Learn audio decoding and rendering with Cavern

Rendering object-based content

When an audio stream doesn't directly contain what each speaker should play, just where each sound is, we need to calculate which speakers should play which sound. This process is called rendering. When we want to virtually move a speaker, like playing back any content on arbitrary layouts with Cavern, it also requires rendering. It's exactly the same, we treat the source channels as objects that need to be placed in the user's space. Multiple renderers are used in practice, Cavern can even switch between them in real time if a layout change requires it.

Balance-based rendering

The industry standard method for finding which speakers should play a specific sound is the balance-based rendering technique. The basic theory is we need to find what speakers would create a bounding box around the object, and pan the volumes according to which speaker is closer to the object.

As seen on the picture, this requires the two sides of the room to have speakers at exactly the same locations. Thus, Cavern is only using this renderer when the layout is symmetric.

The image shows how a bounding box is found for a single layer: find the speakers on the sides that are just ahead/behind, and if we're near the front or rear wall, closer speakers to the left or the right of the object can be considered. Determining the volumes is easy: just check the ratio of the object's location between the left/right speaker pairs, and use that value. If it's closest to a speaker than the other, this multiplier should be 1, if it's halfway, then 0.5, and if the object is completely at the other side, it's weight becomes 0. We also take the square root of each multiplier to achieve constant power mixing, meaning the volume of the object will stay the same as it moves across channels. The same multiplication happens to the speakers in front of and behind the objects, these numbers get multiplied together.
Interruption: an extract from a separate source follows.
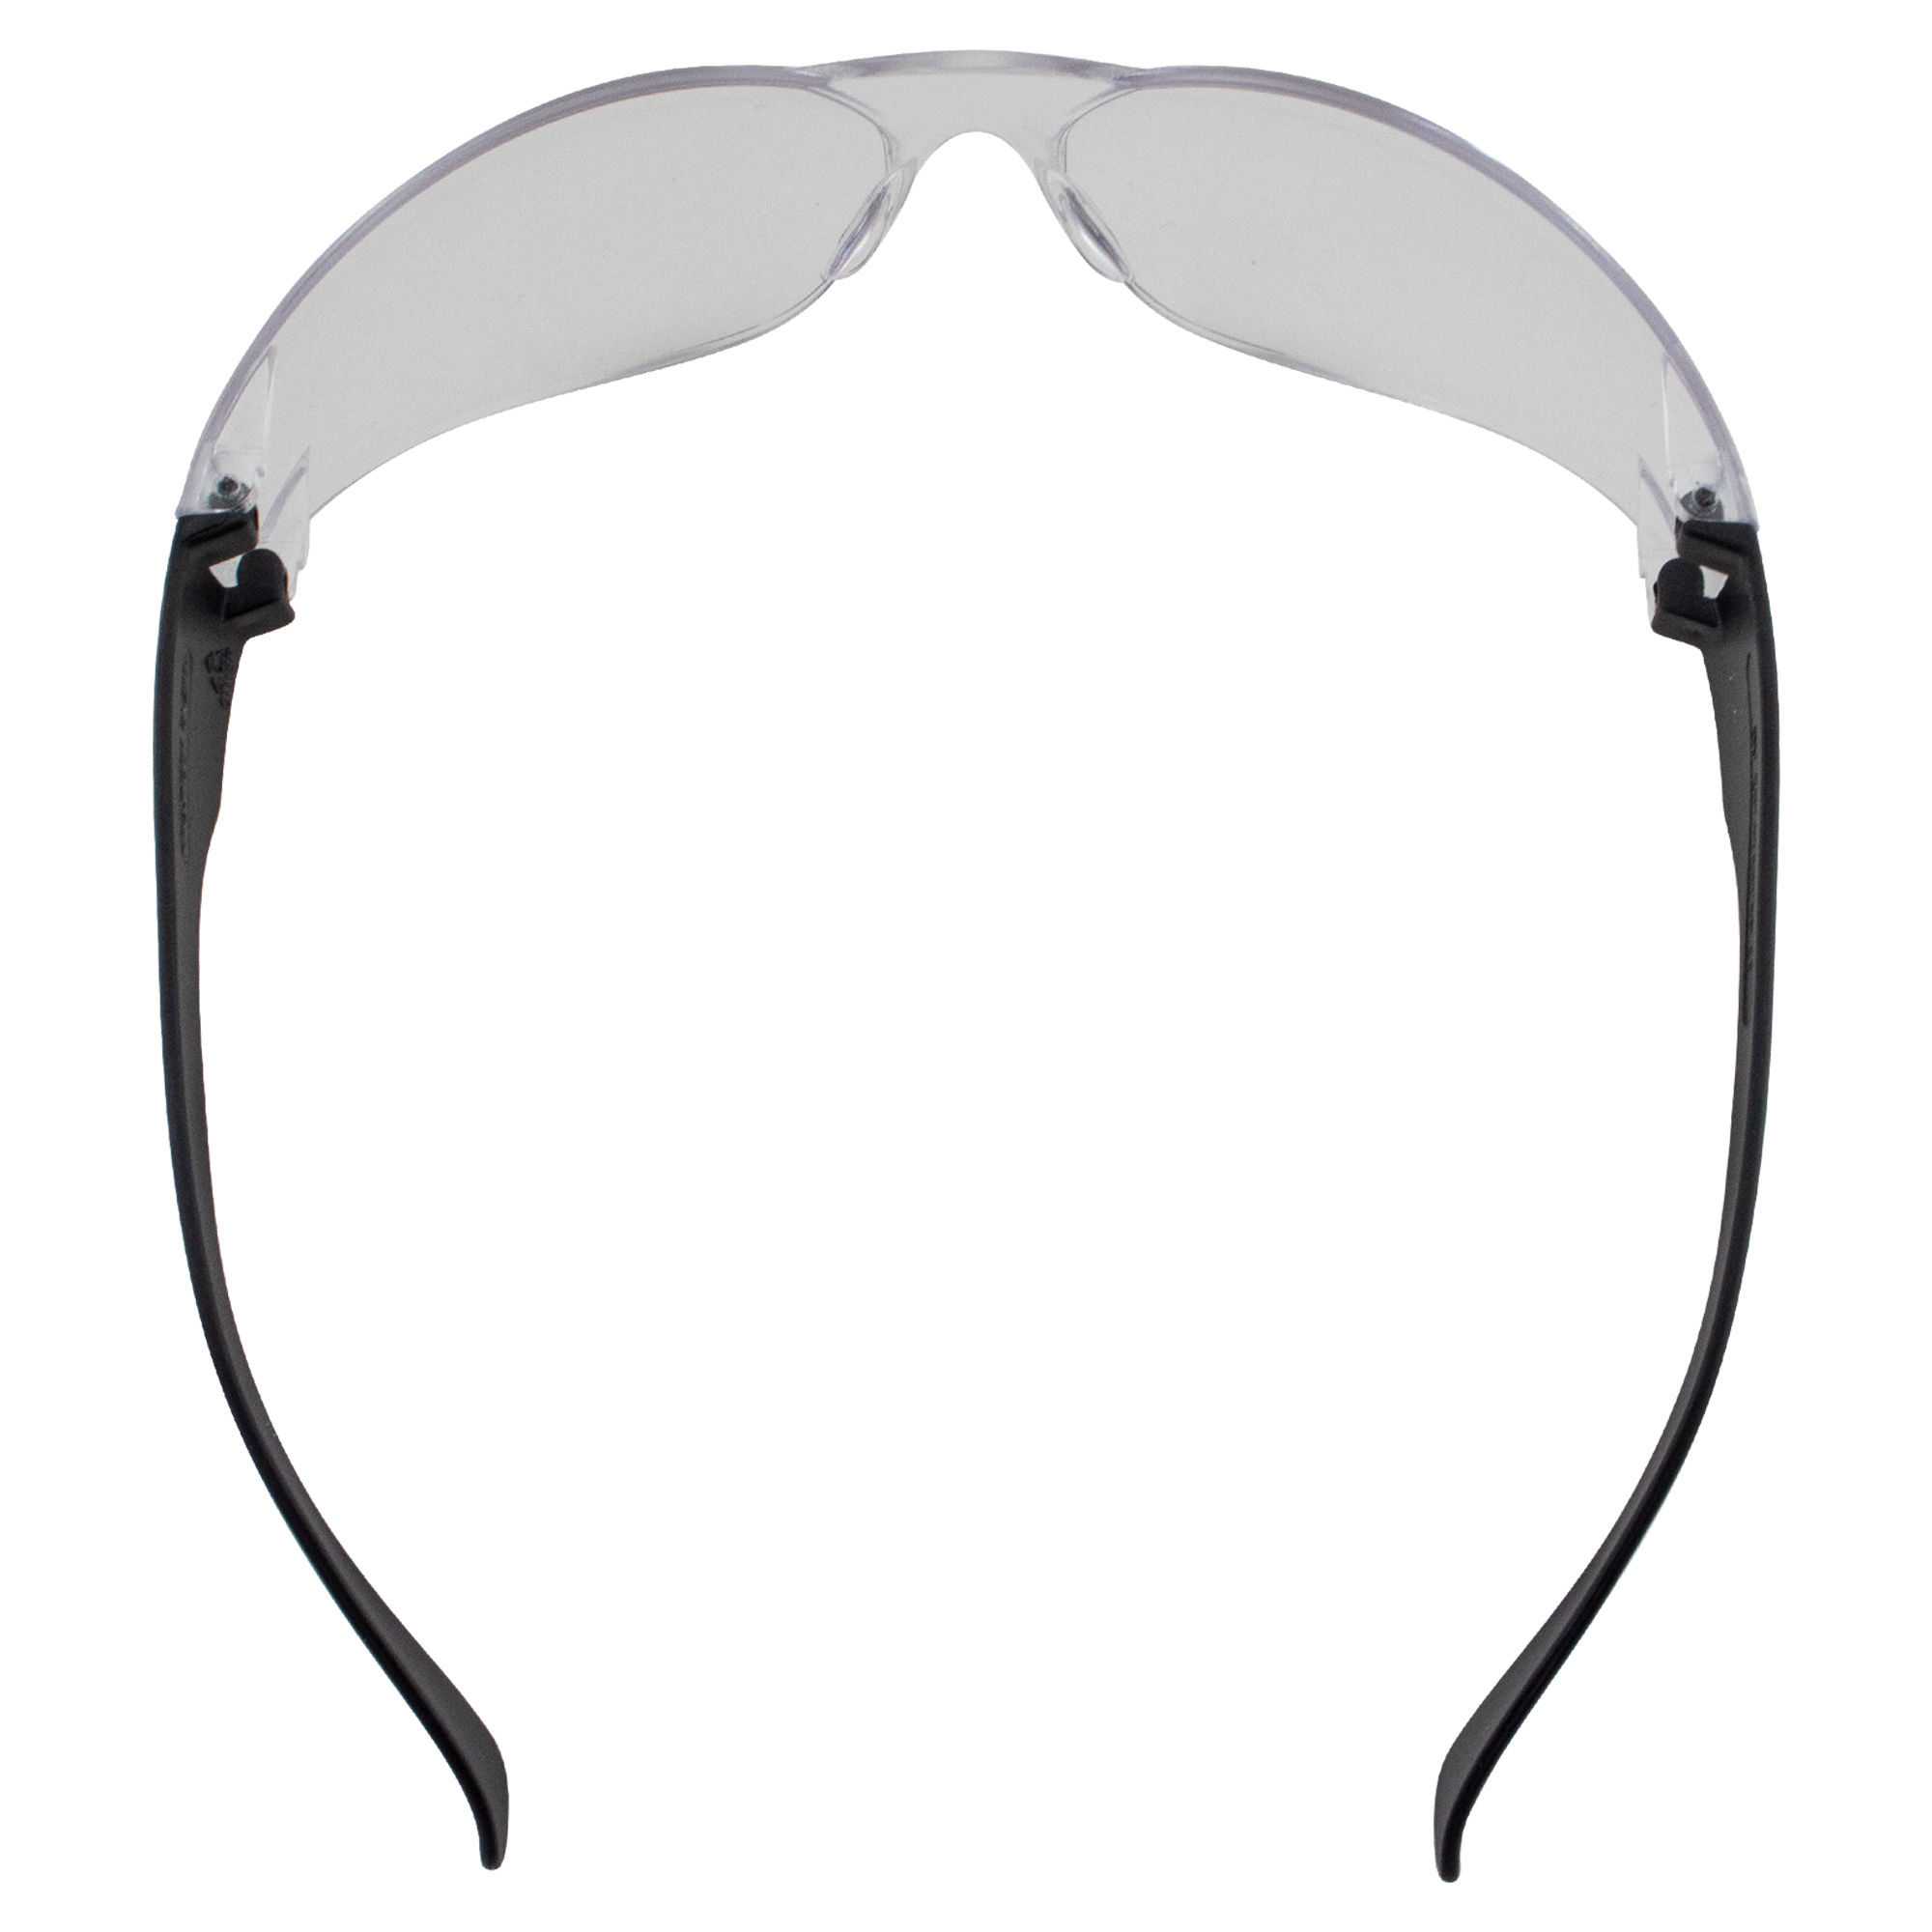 Two Pairs of Global Vision Rider Safety Motorcycle Riding Sunglasses Black Frames One Pair Clear Lens and One Pair Driving Mirror Lens with Microfiber Bags ANSI Z87.1 - image 4 of 9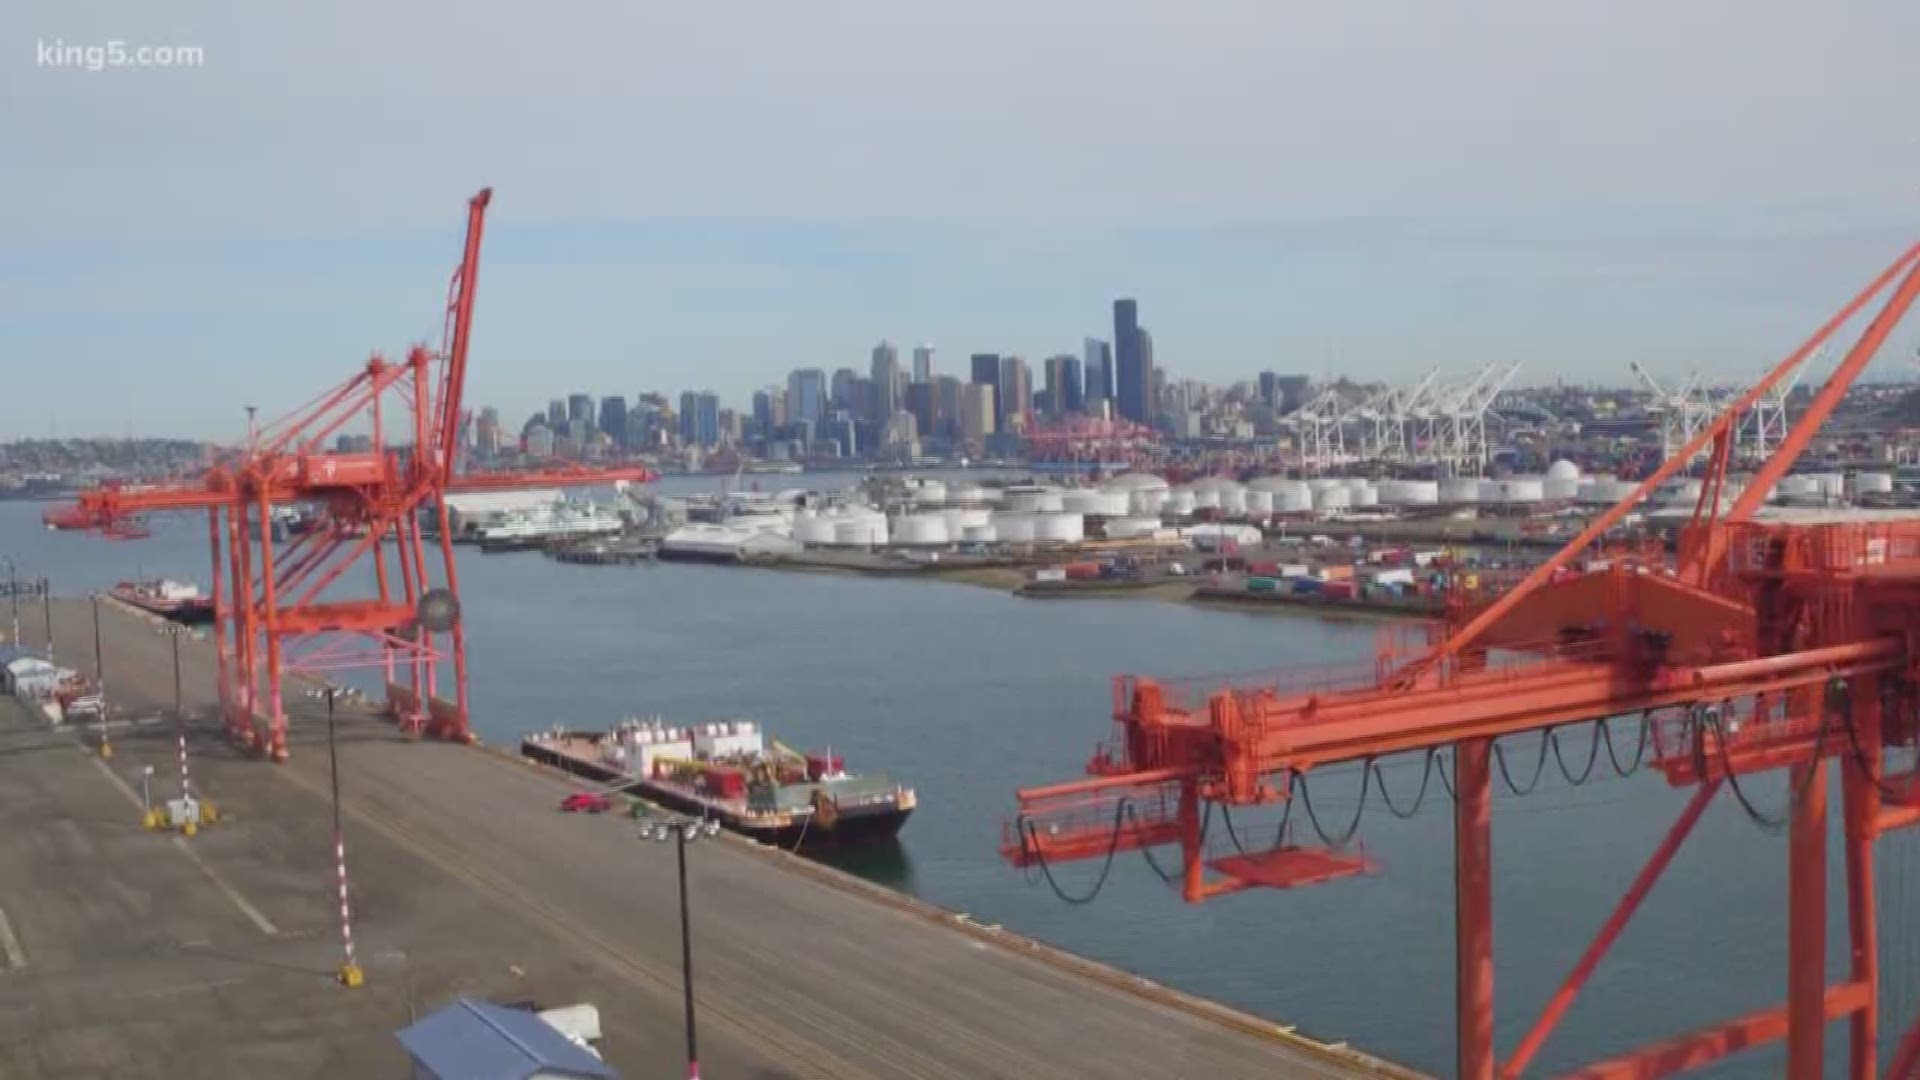 The ongoing trade war with China is having impacts for small businesses in our region. KING 5's Chris Daniels tells us how one company is feeling squeezed by the economic tit-for-tat.

Then we take layers into consideration: the previous example was described for speakers located at the same level, but heights were not considered. We just find the layer directly above and below the speaker, and just do the same exact multiplication over the existing values we calculated. This makes it possible to have speaker layouts of more than 2 layers, even layers below the main channels.

Pros and cons

The main reason this renderer was chosen as a de facto standard is its ability to both allow objects being panned across the inside of the room, and provide close to the same experience to all seating positions. This is called an allocentric renderer, taking every listener in a large room into account. Other rendering methods can only achieve this through limitations or hacks. It's also very easy to implement, the code runs without any trigonometric calculations, we technically only need to calculate ratios of line lengths. The downside is being locked to symmetric layouts, which is not always convenient. Experiencing objects moving inside the room is also not given by the method itself, it requires very precise calibration, such as what Cavern QuickEQ can provide.

Distance-based rendering

The easiest way to create a renderer is to simply play the sound from all speakers, and set the volumes depending on object distance. If the object is at the speaker, make the volume maximum, and if it's at the exact opposite side of the room, make it silent. We don't need the square root trick now, as it only works when only two speakers account for one axis.

Because of this definition, we are free of any limitations, speakers can be placed anywhere. When the speakers are not placed symmetrically, this is the renderer Cavern falls back to, but only in the home, because of its downside:

This is only an advertisement and keeps Cavern free.

Pros and cons

Because each speaker plays every object to allow any layout, sitting close to any speaker will sound like everything is coming from there. Thus, this solution is only applicable when there is a relatively large distance between the seating positions and speakers. The mixing method is only applied in the industry where surrounds are really far away from listeners. In the cinema, these are the absolute largest rooms. The effect can be mitigated by raising the objects' distances (which are measured between 0 and 1) to relatively high powers like 8 or 16. This way the sounds get mixed close to the direction they arrive from, but this breaks in-room panning. This is what Cavern does to account for average sized rooms with uneven speaker placements.

Directional rendering

Moving on from the basic theory of distance-based rendering, to fix its shortcomings, we could just limit playback to the closest speakers, or the bounding two on a single layer. In full space, we find a bounding triangle of speakers, and pan accordingly.

Cavern is using this renderer for studios and theaters that are asymmetric, because in these environments, people can sit close to speakers. Because we limit playback to the closest speakers, in-room panning is generally disabled, and objects close to the center of the room might snap sides unexpectedly. To counter this, mixers must manually add a counter object to the opposite side with opposite volume to add a panning effect when needed. However, this is not recommended, as it introduces the downside of distance-based rendering.

Pros and cons

Works with any layout, even asymmetric ones, in any environment, but no in-room panning is possible, and workarounds are not recommended.